There is a difference between the mathematics of Descartes and later mathematical developments, which consists mainly in the fact that this later mathematics came to be understood as always having number as its object, even when the goal was to understand continuous quantity, or generally what pertains to geometry rather than to Euclidean arithmetic. While Descartes’ geometry suggests that we might try to think this way, it never quite does so itself; for while Descartes does extend the operations of arithmetic into geometry, he seems to do so only, arguably, through a kind of equivocation, by virtue of which we say that we can now multiply and divide not only discrete but also continuous quantities. But the later mathematics takes a more radical step: it claims that even the continuous can be described numerically, so that geometry can, at least to some extent, be subsumed under arithmetic.

If we are to study this newer kind of mathematics as something more than a technique, we shall have to wonder about this. How does this new, extended notion of number come about? Is it only justifiable as a practical expedient? Ptolemy, as we know, used numbers to measure angles and distances in space, without concern for an absolute precision which he knew to be neither attainable nor necessary. Is the “number line” used by contemporary mathematicians something like that — a practical expedient of sorts which really doesn’t aim at, or require, theoretical precision? Should we therefore see utility as the aim, finally, of this sort of mathematics? Or should we perhaps look for a middle position, by seeing modern mathematics as being neither pure theory, nor useful art, but contemplative art? Or should we look for something even deeper — such as perhaps a deeper connection between number and the continuous than we have so far been able to see?
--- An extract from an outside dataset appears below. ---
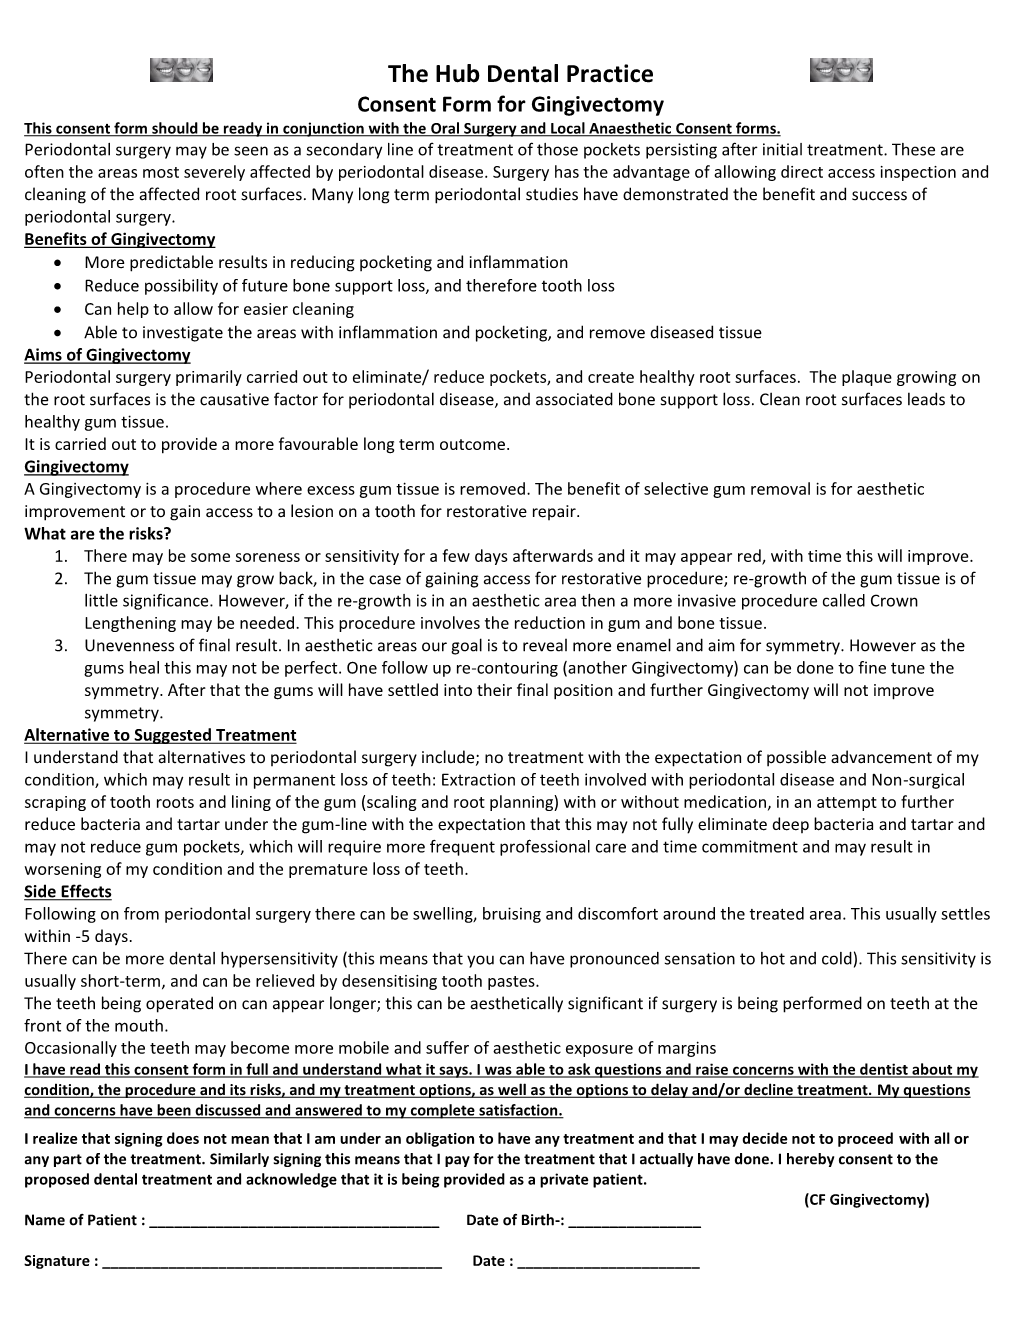 Consent Form for Gingivectomy This Consent Form Should Be Ready in Conjunction with the Oral Surgery and Local Anaesthetic Consent Forms

The art of the calculus, which forms the larger part of what we will now study, was in some of its earlier forms presented more geometrico; but a numerical version of it soon seems to emerge almost spontaneously as the more perfect and elegant form, and so that has become the customary form of it. As we proceed, we shall therefore have many opportunities to reflect on the questions just posed; but nevertheless it would be well for us to begin with at least a brief consideration of them, and perhaps begin to suggest some tentative answers. One important reason for doing so is that we shall sooner or later discover that these questions are really at least in part metamathematical; that is, they belong at least partially to a level of reflection which bears on the very principles of mathematics, and which mathematics itself cannot, therefore, hope to fully resolve by itself. (But neither is that to say that reflections lying properly within the competence of mathematical investigation might not aid us, by disposing our minds to see something which extends beyond mathematics.)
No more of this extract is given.